== YOUR GOAL ==
Your answer must be the full listing below, repeated exactly, with no pictures in it.

== RAW DATA ==
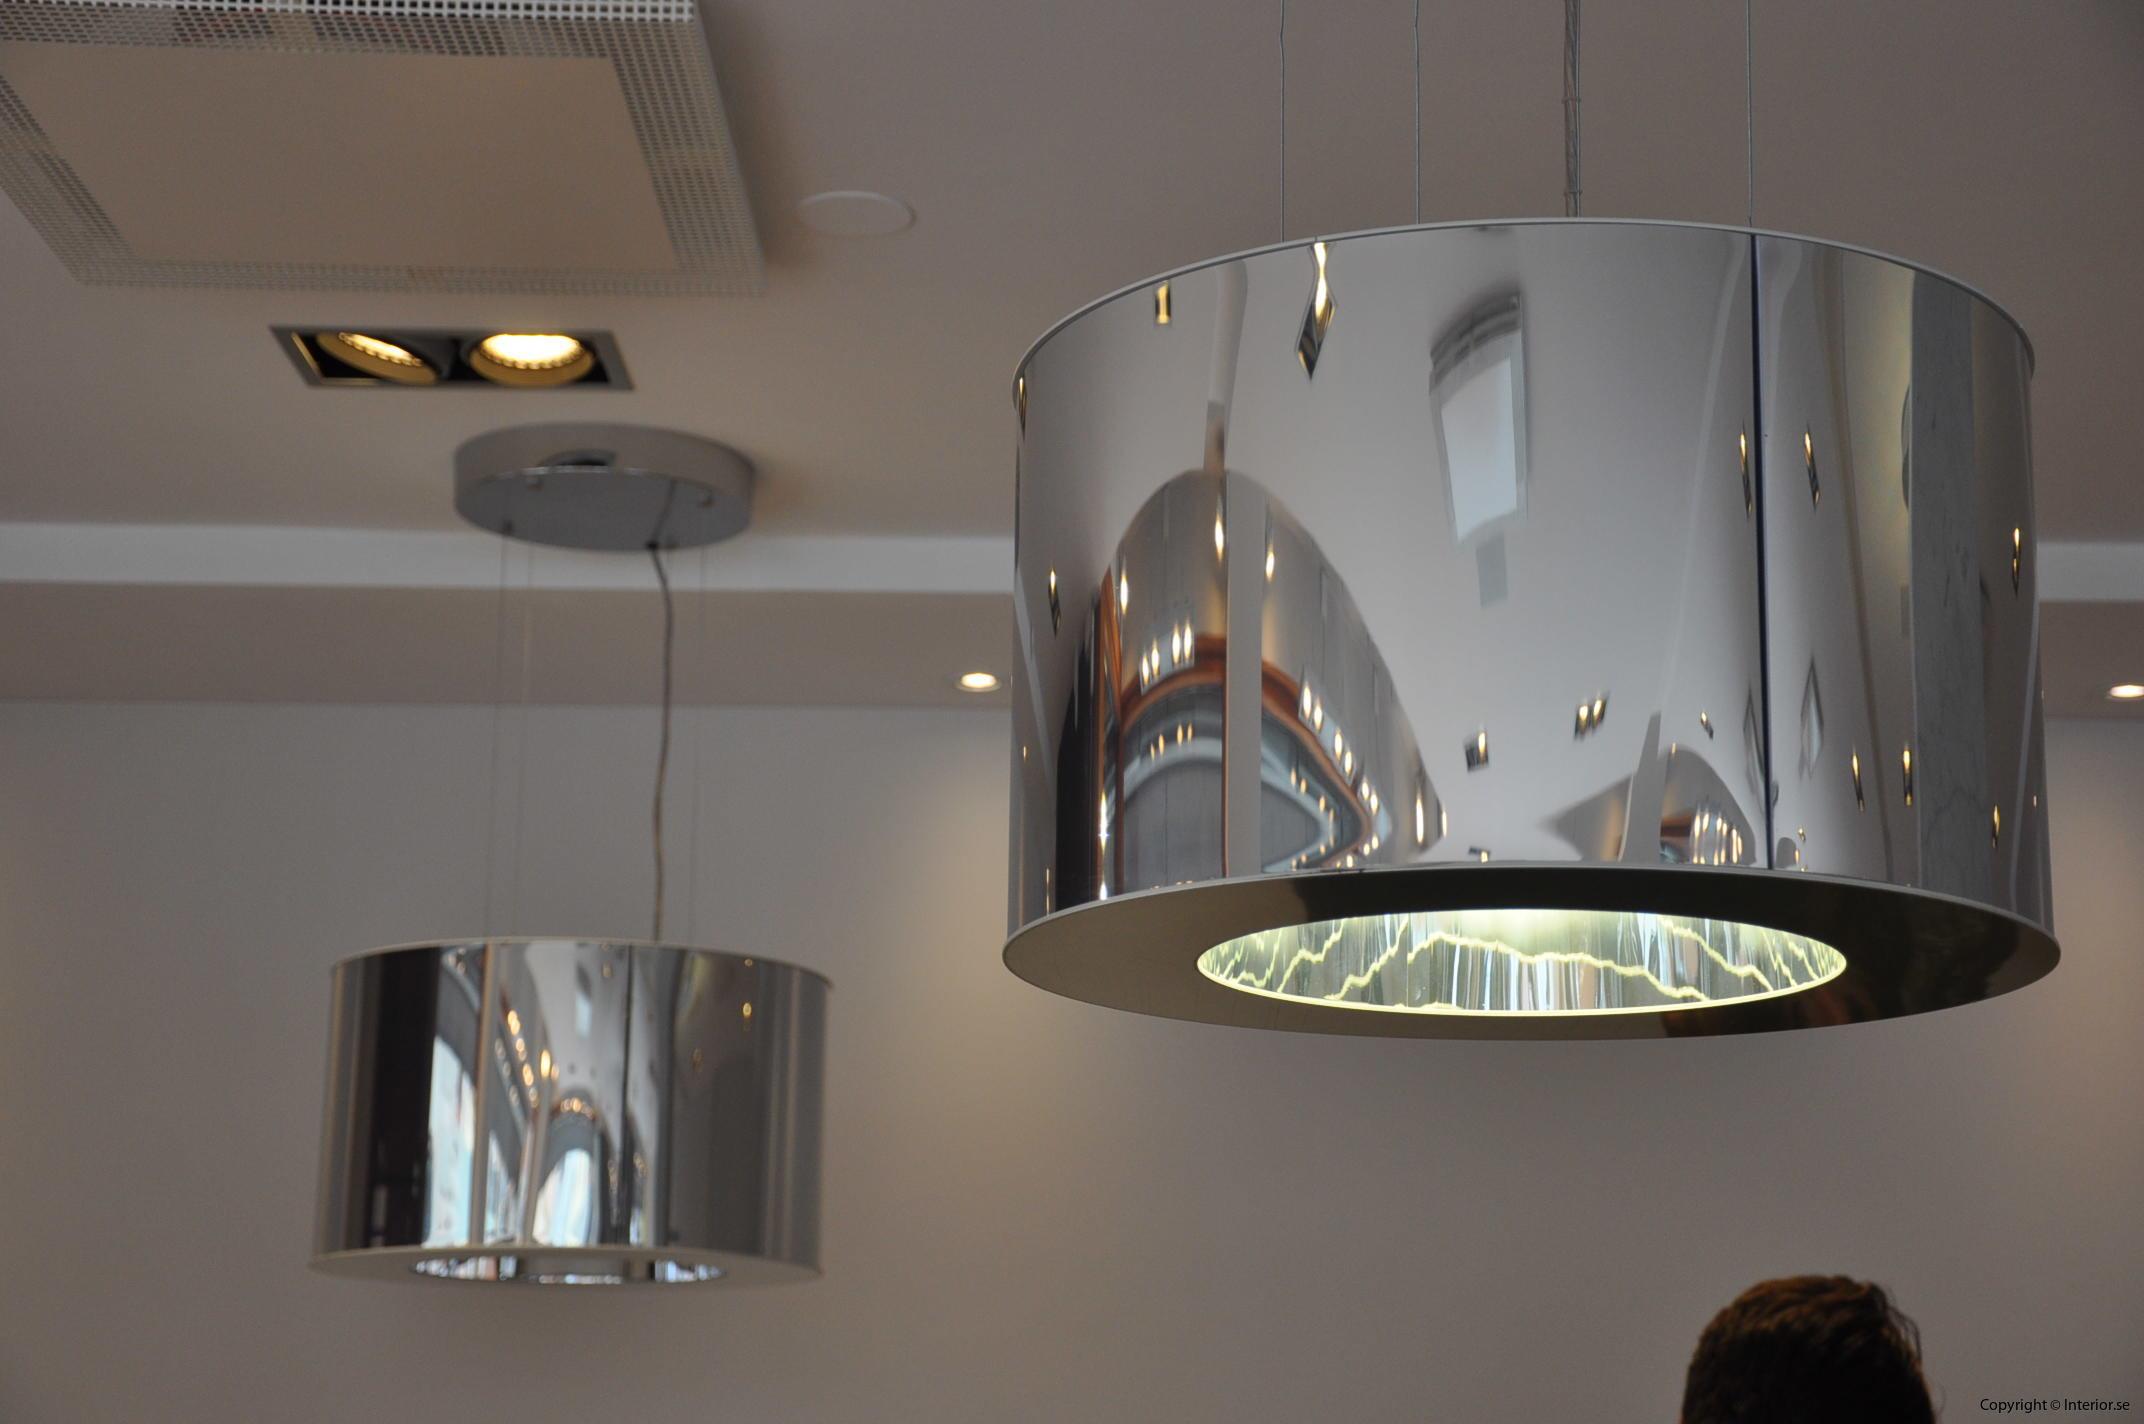 Pendel, Artemide Tian Xia 500 50 cm LED - Carlotta de Bevilacqua (6)
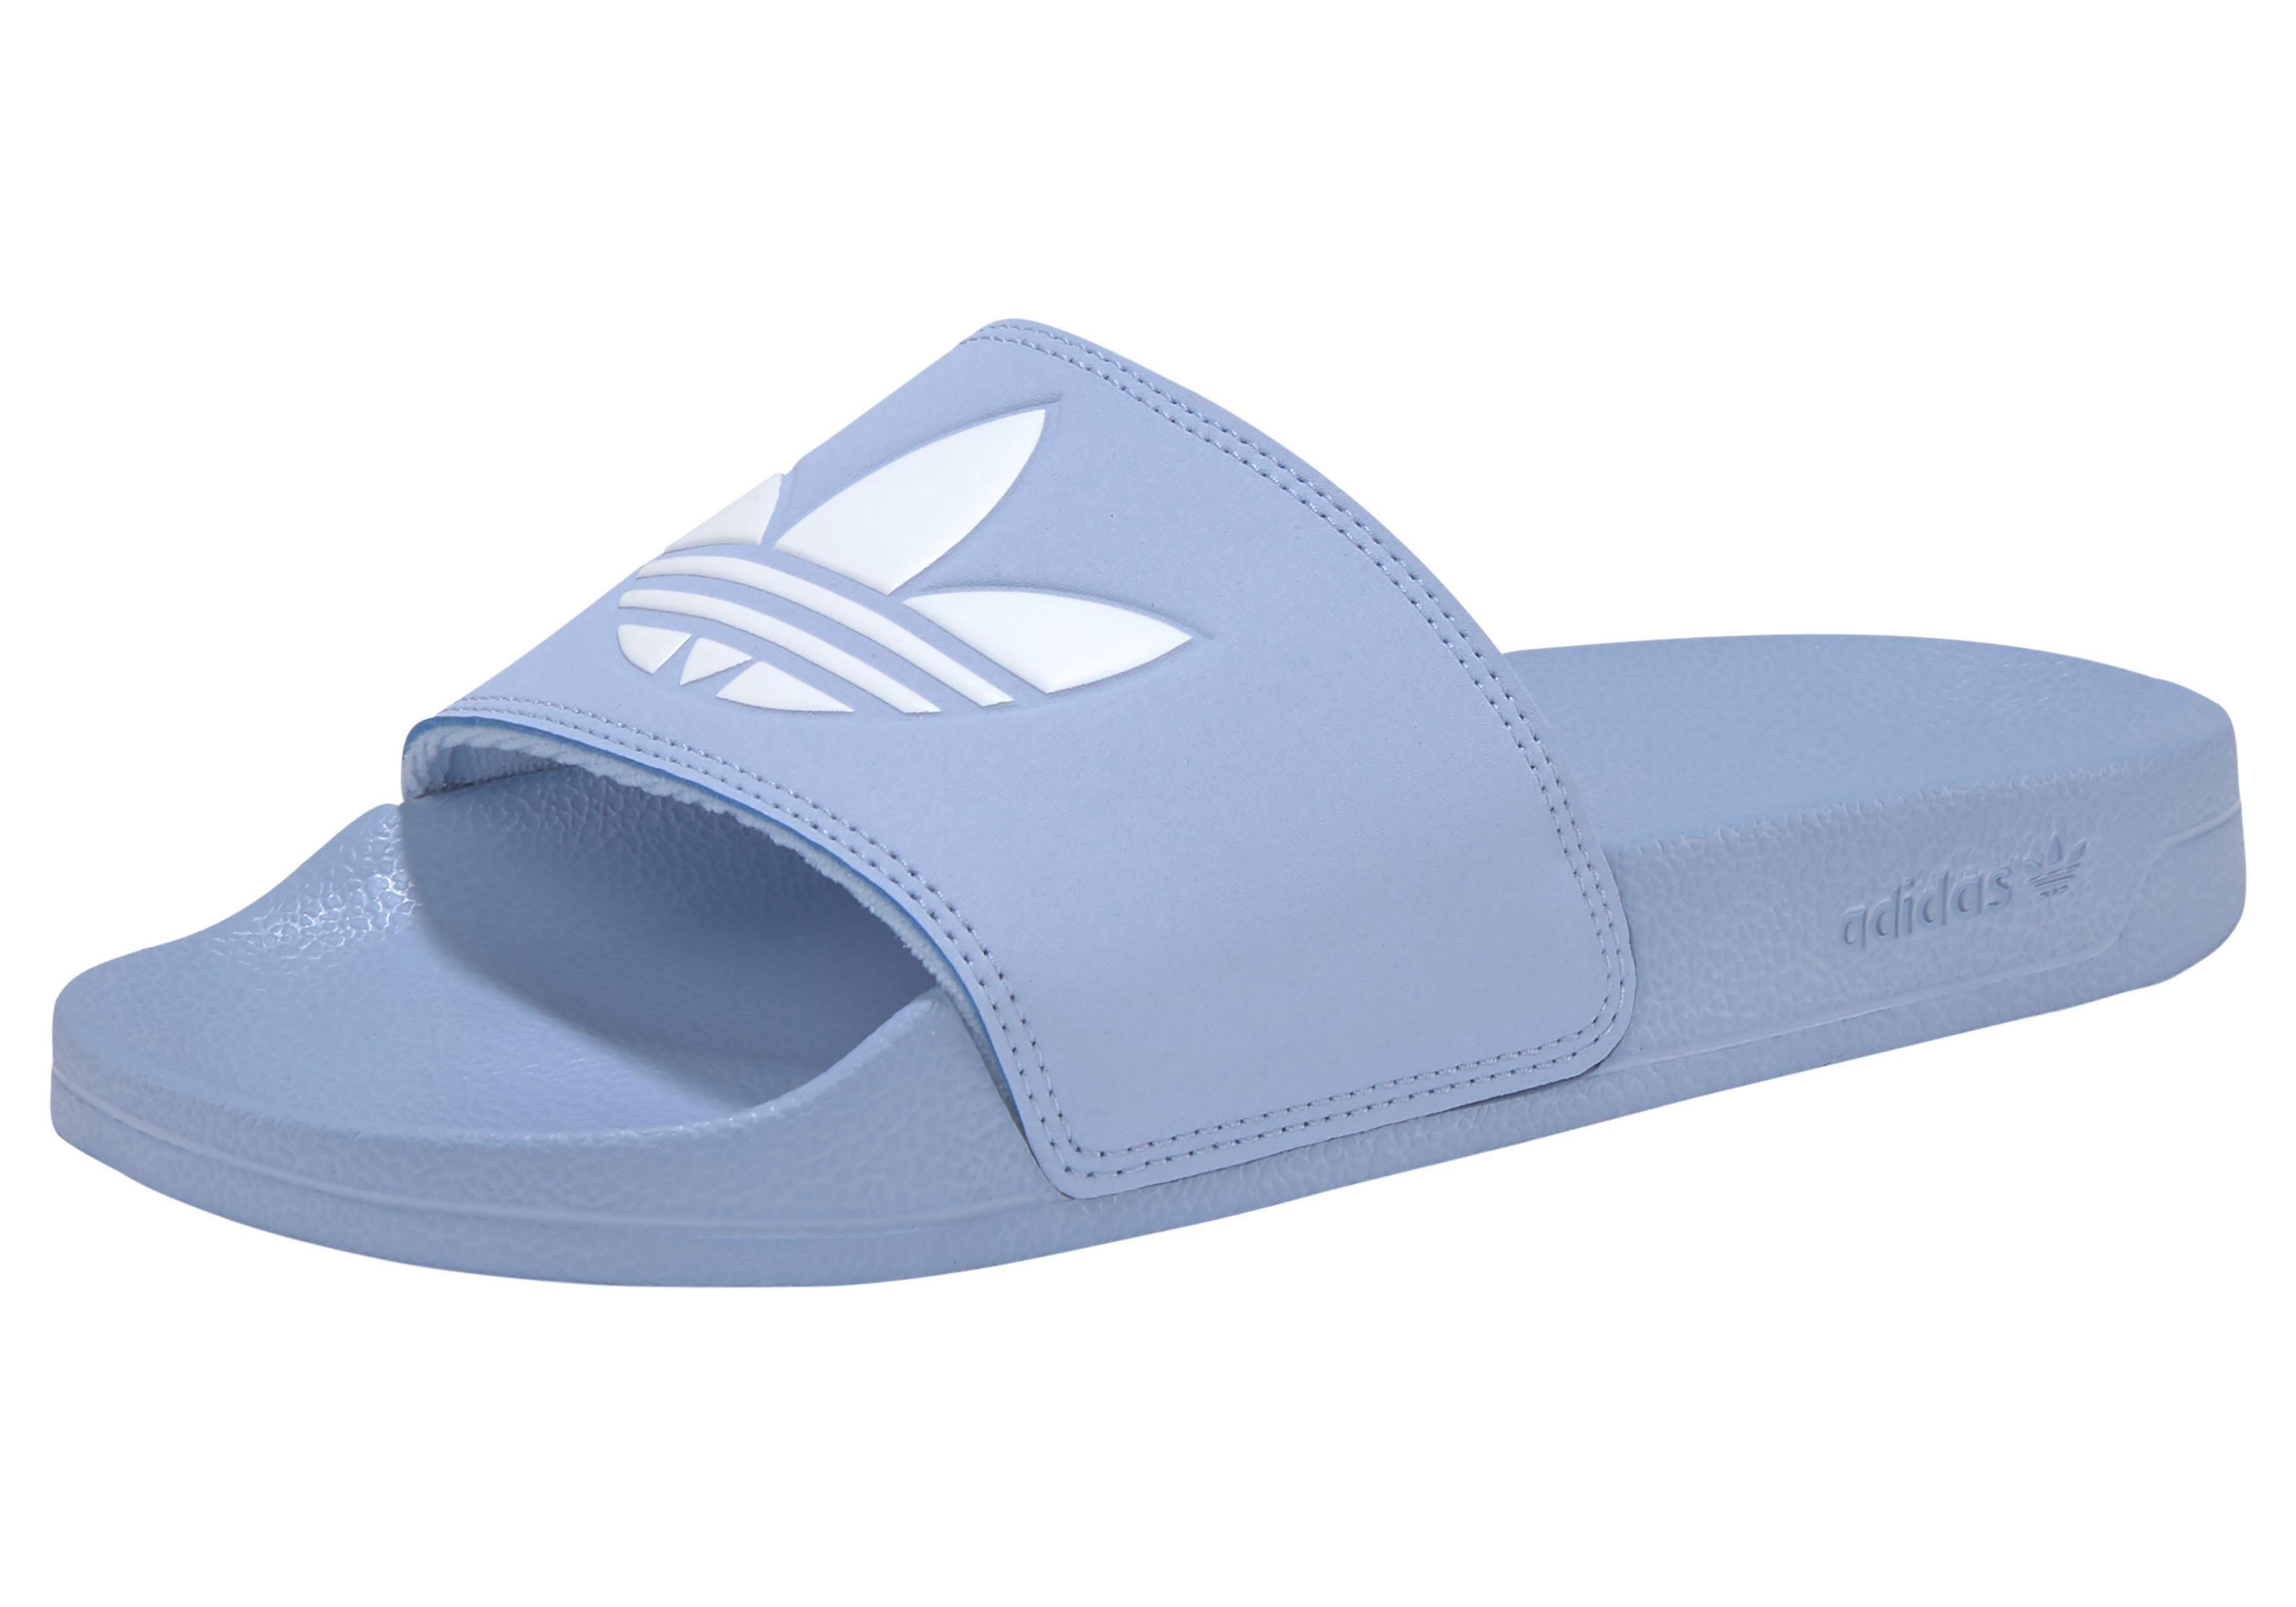 adidas Originals badslippers »Adilette Lite W« bestellen: 30 dagen bedenktijd
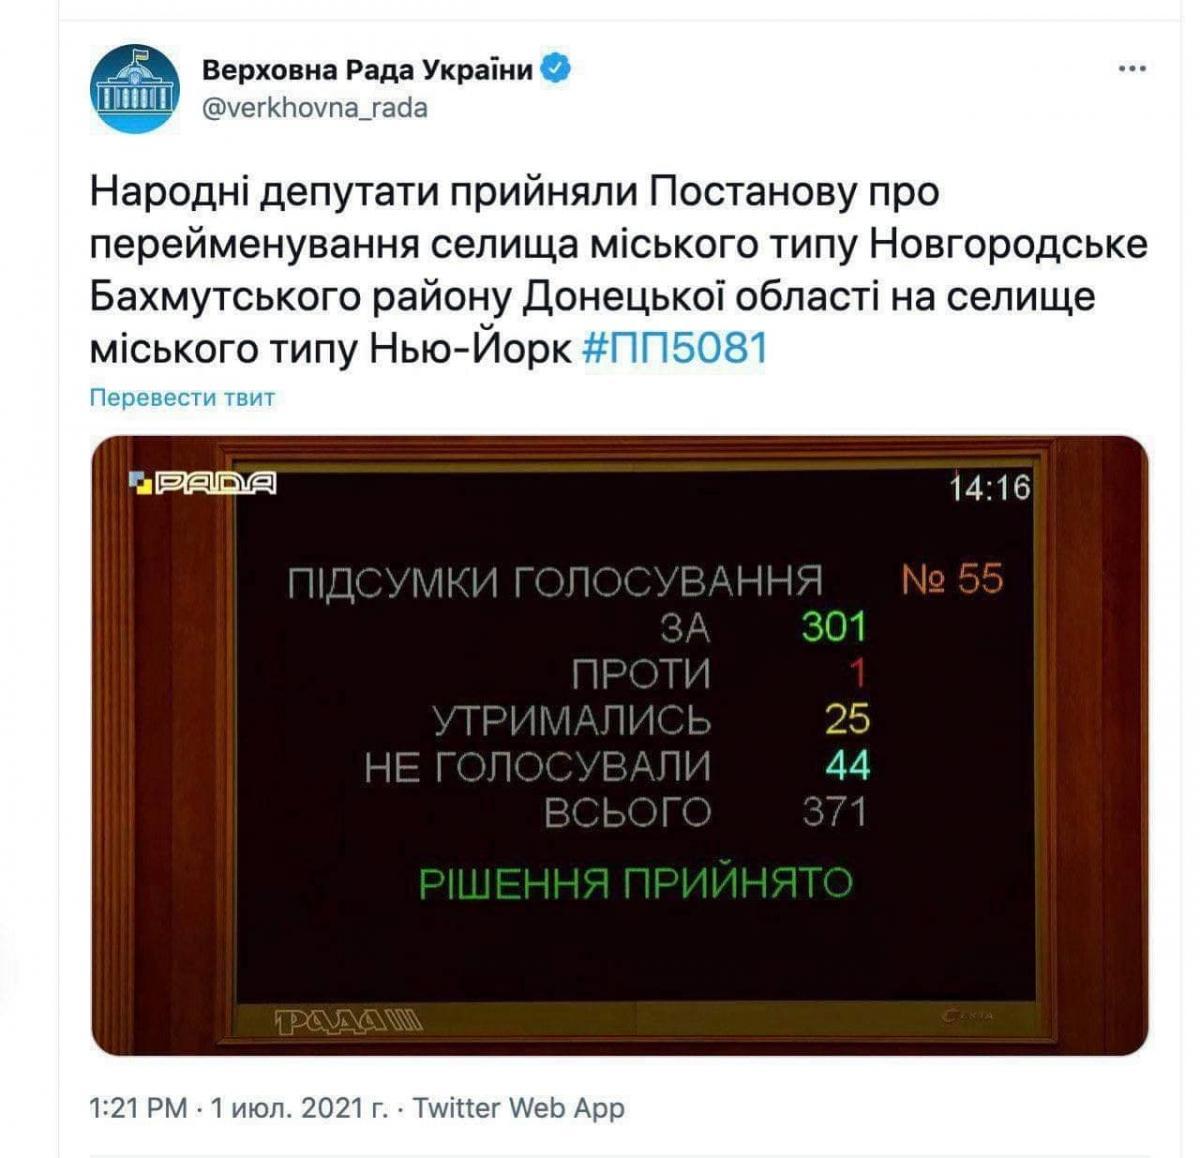 Против переименования выступил только один депутат / фото - twitter.com/verkhovna_rada
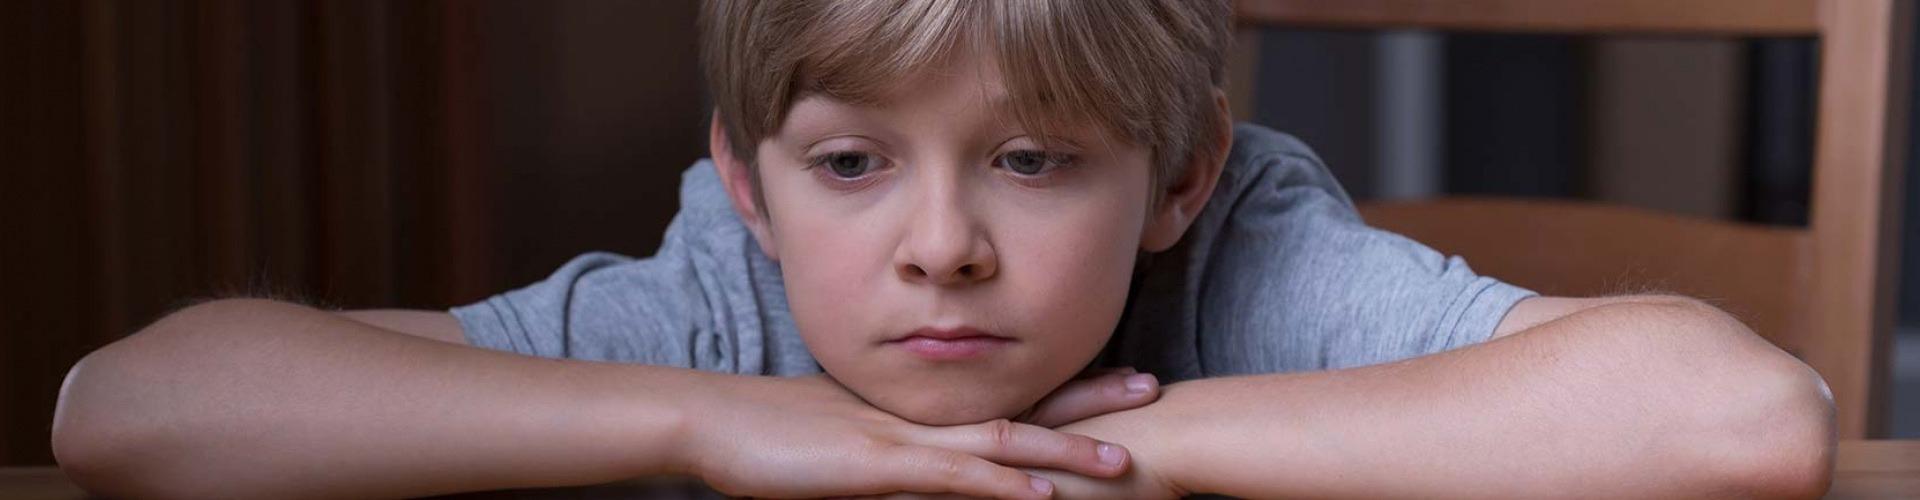 Gyermekkorunk keserű sérelmei

== EXPECTED OUTPUT ==
 Pendel, Artemide Tian Xia 500 50 cm LED - Carlotta de Bevilacqua (6)
 adidas Originals badslippers »Adilette Lite W« bestellen: 30 dagen bedenktijd
 Против переименования выступил только один депутат / фото - twitter.com/verkhovna_rada
 Gyermekkorunk keserű sérelmei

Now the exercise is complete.